■ COLLECTED DATA ■
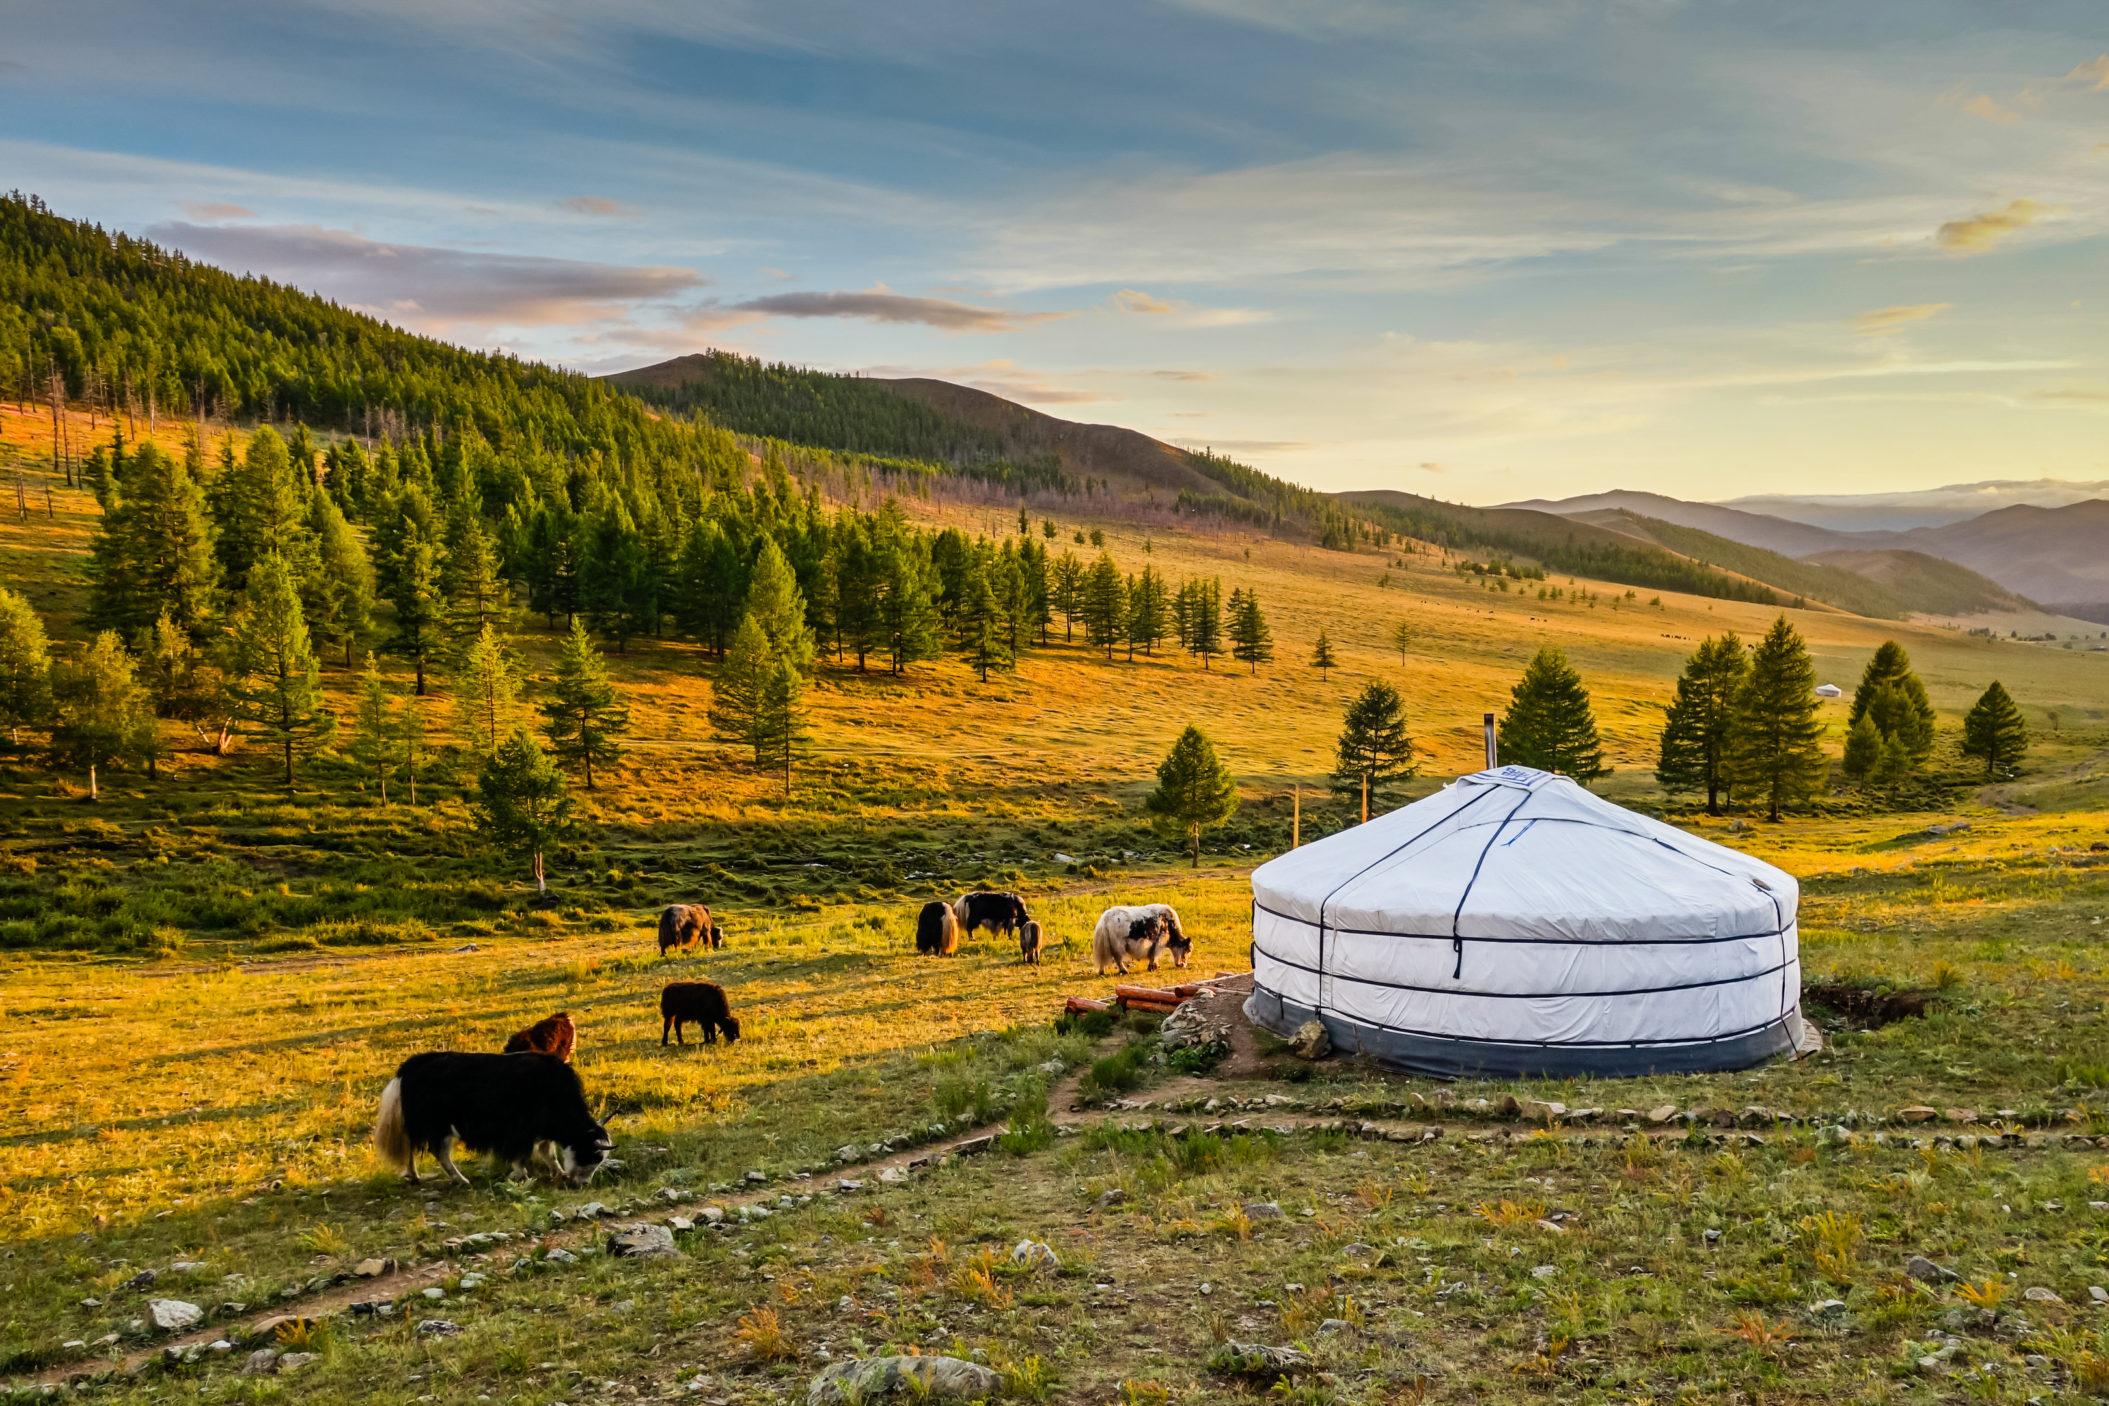 Mongolia [Shutterstock]
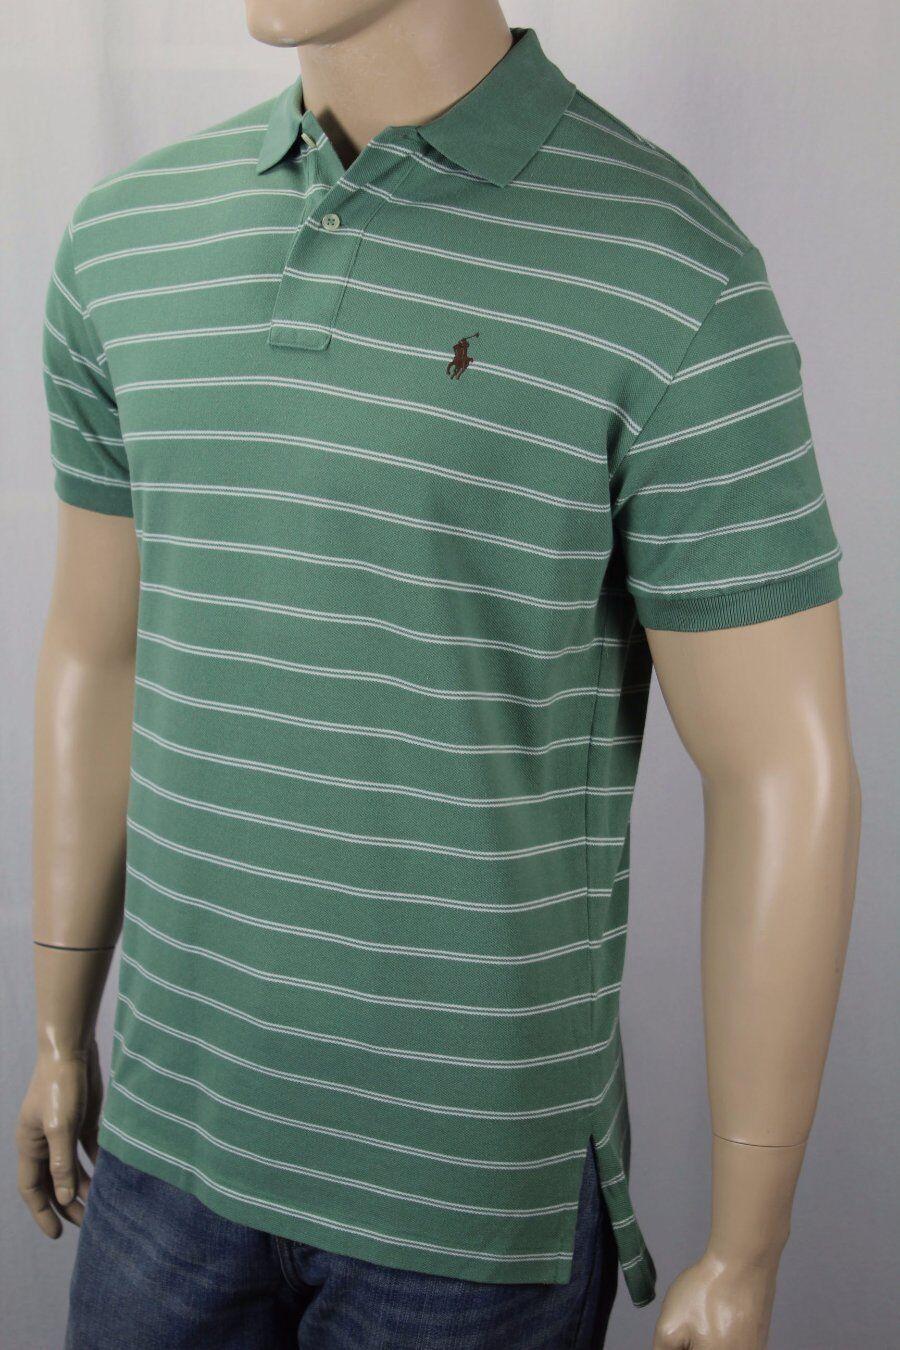 Polo Ralph Lauren Green Cream Striped Classic Fit Mesh Shirt Brown Pony NWT
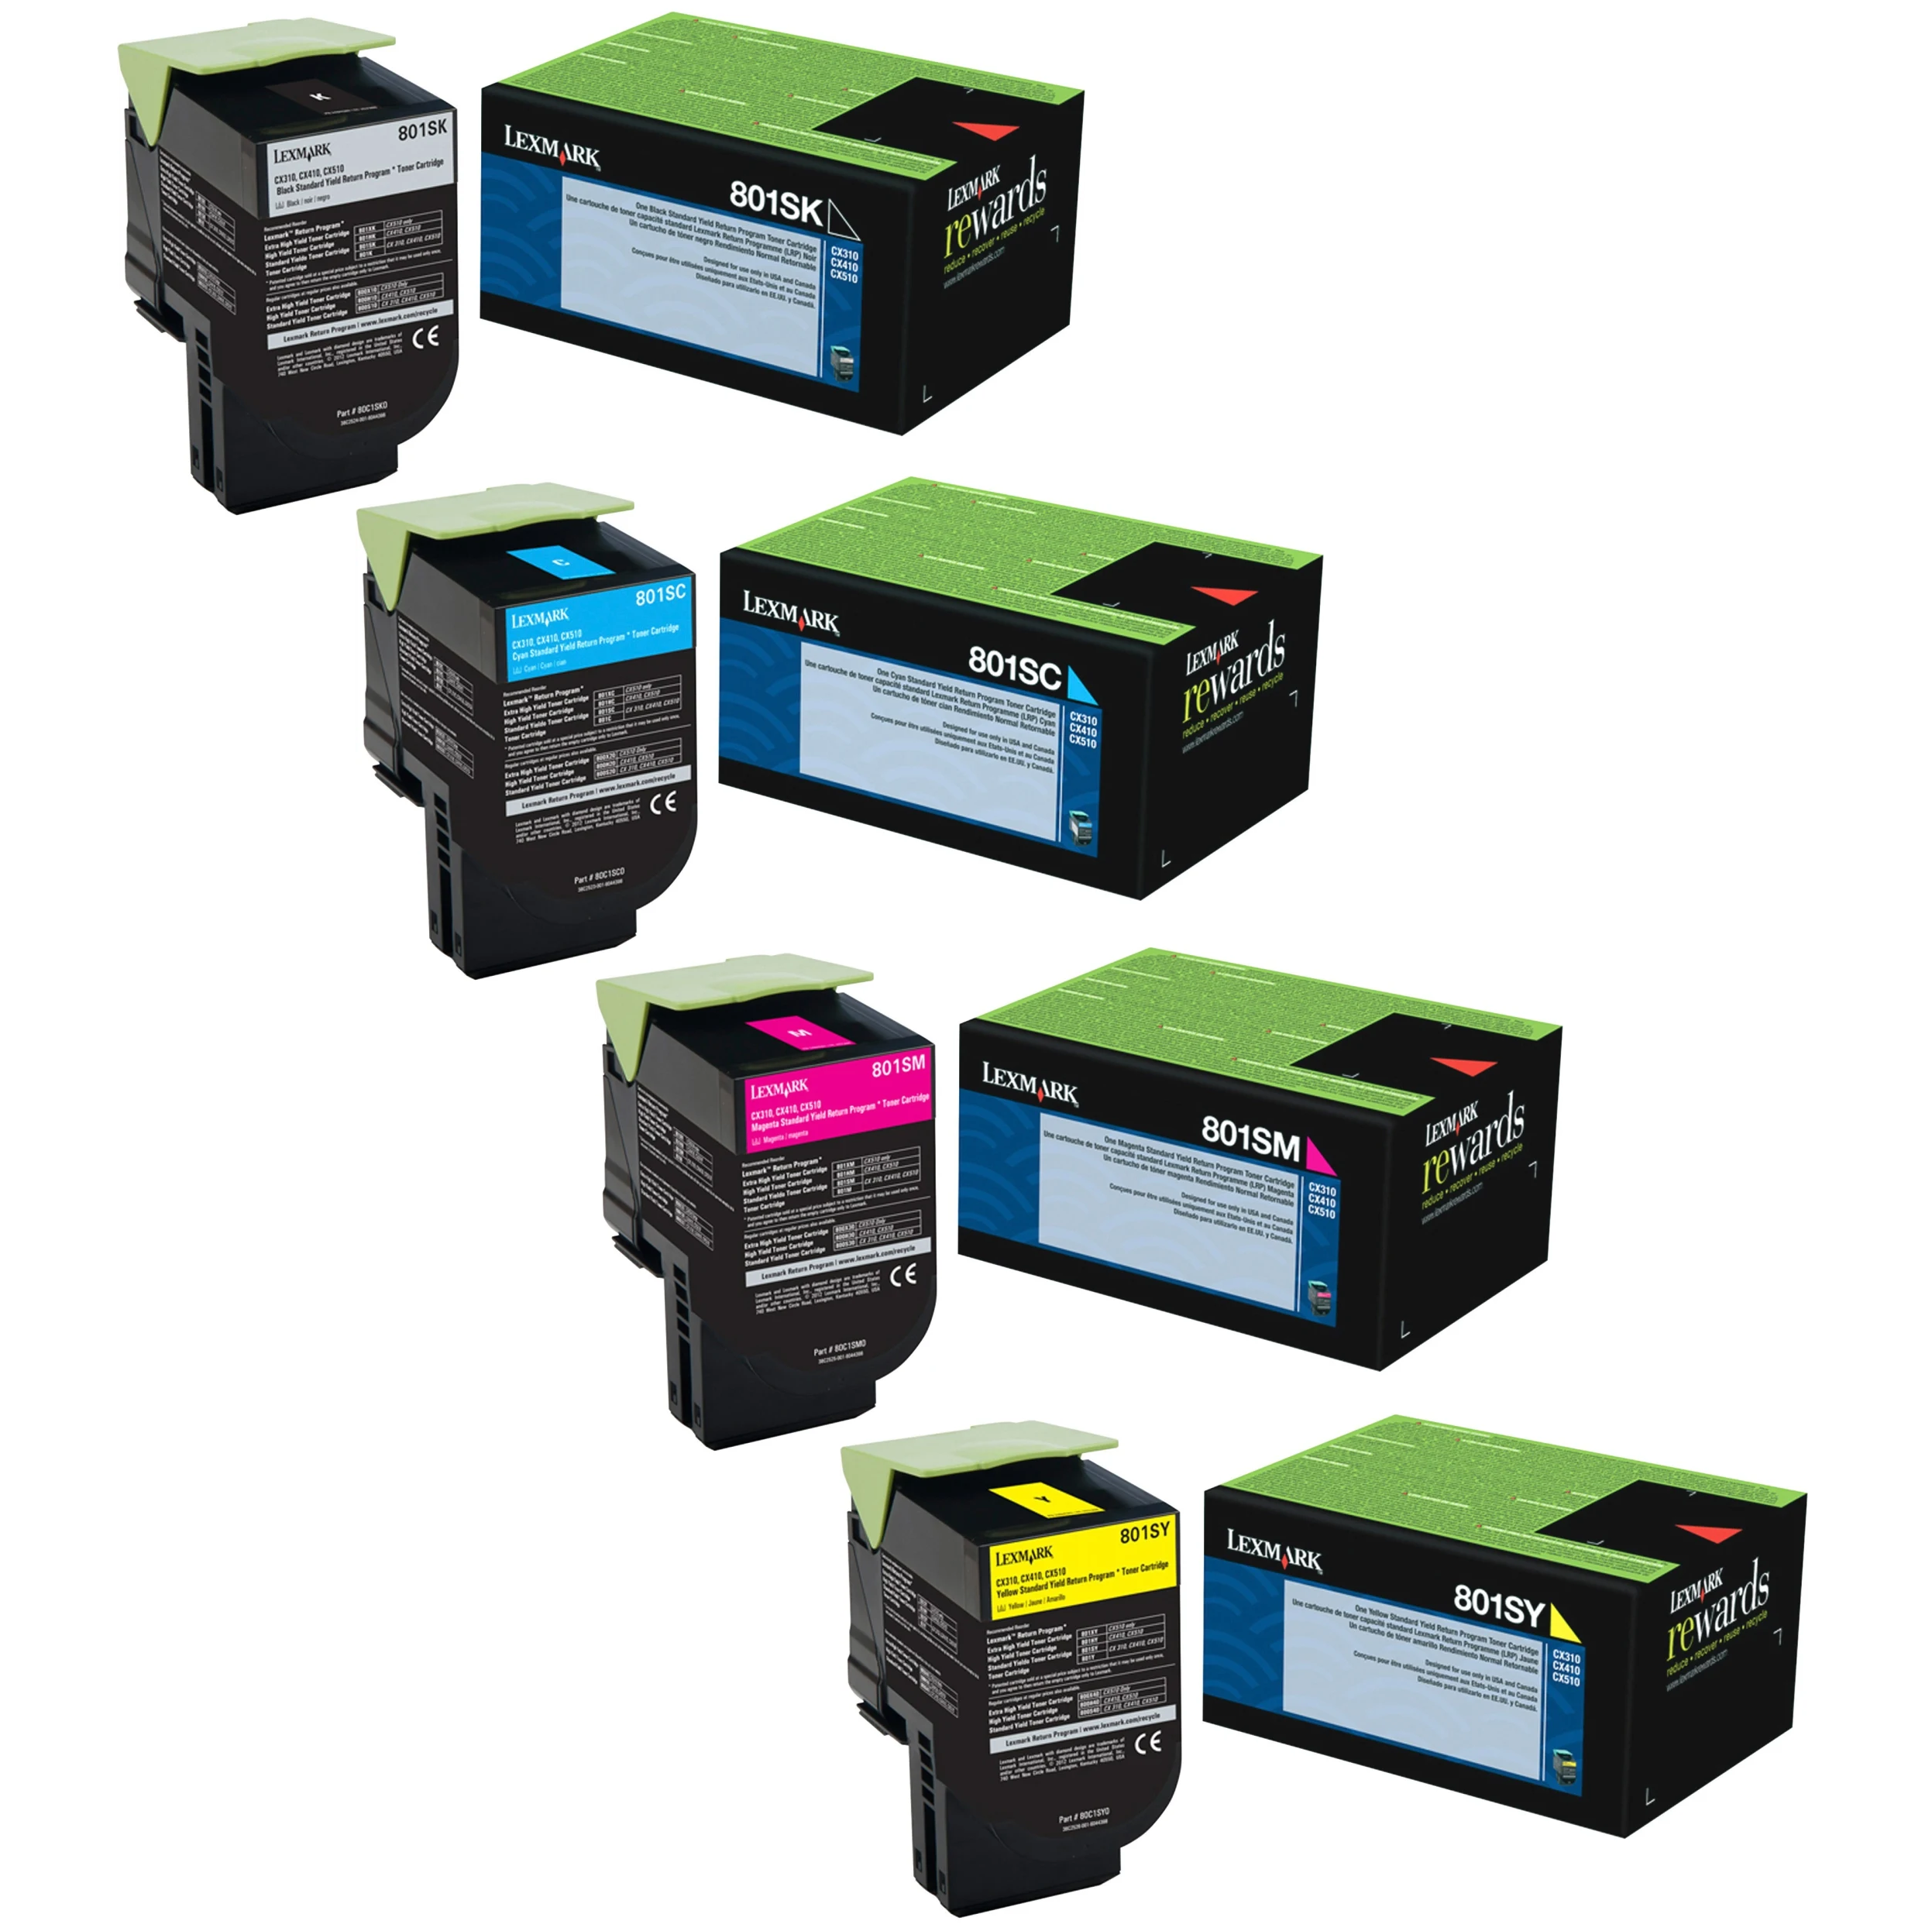 Lexmark 801S Set | 80C1SC0 80C1SK0 80C1SM0 80C1SY0 | Original Lexmark Toner Cartridges – Black, Cyan, Magenta, Yellow

■ WHAT TO WORK ON ■
Transcribe the listing in full and omit the pictures.

■ TASK RESPONSE ■
 Mongolia [Shutterstock]
 Polo Ralph Lauren Green Cream Striped Classic Fit Mesh Shirt Brown Pony NWT
 Lexmark 801S Set | 80C1SC0 80C1SK0 80C1SM0 80C1SY0 | Original Lexmark Toner Cartridges – Black, Cyan, Magenta, Yellow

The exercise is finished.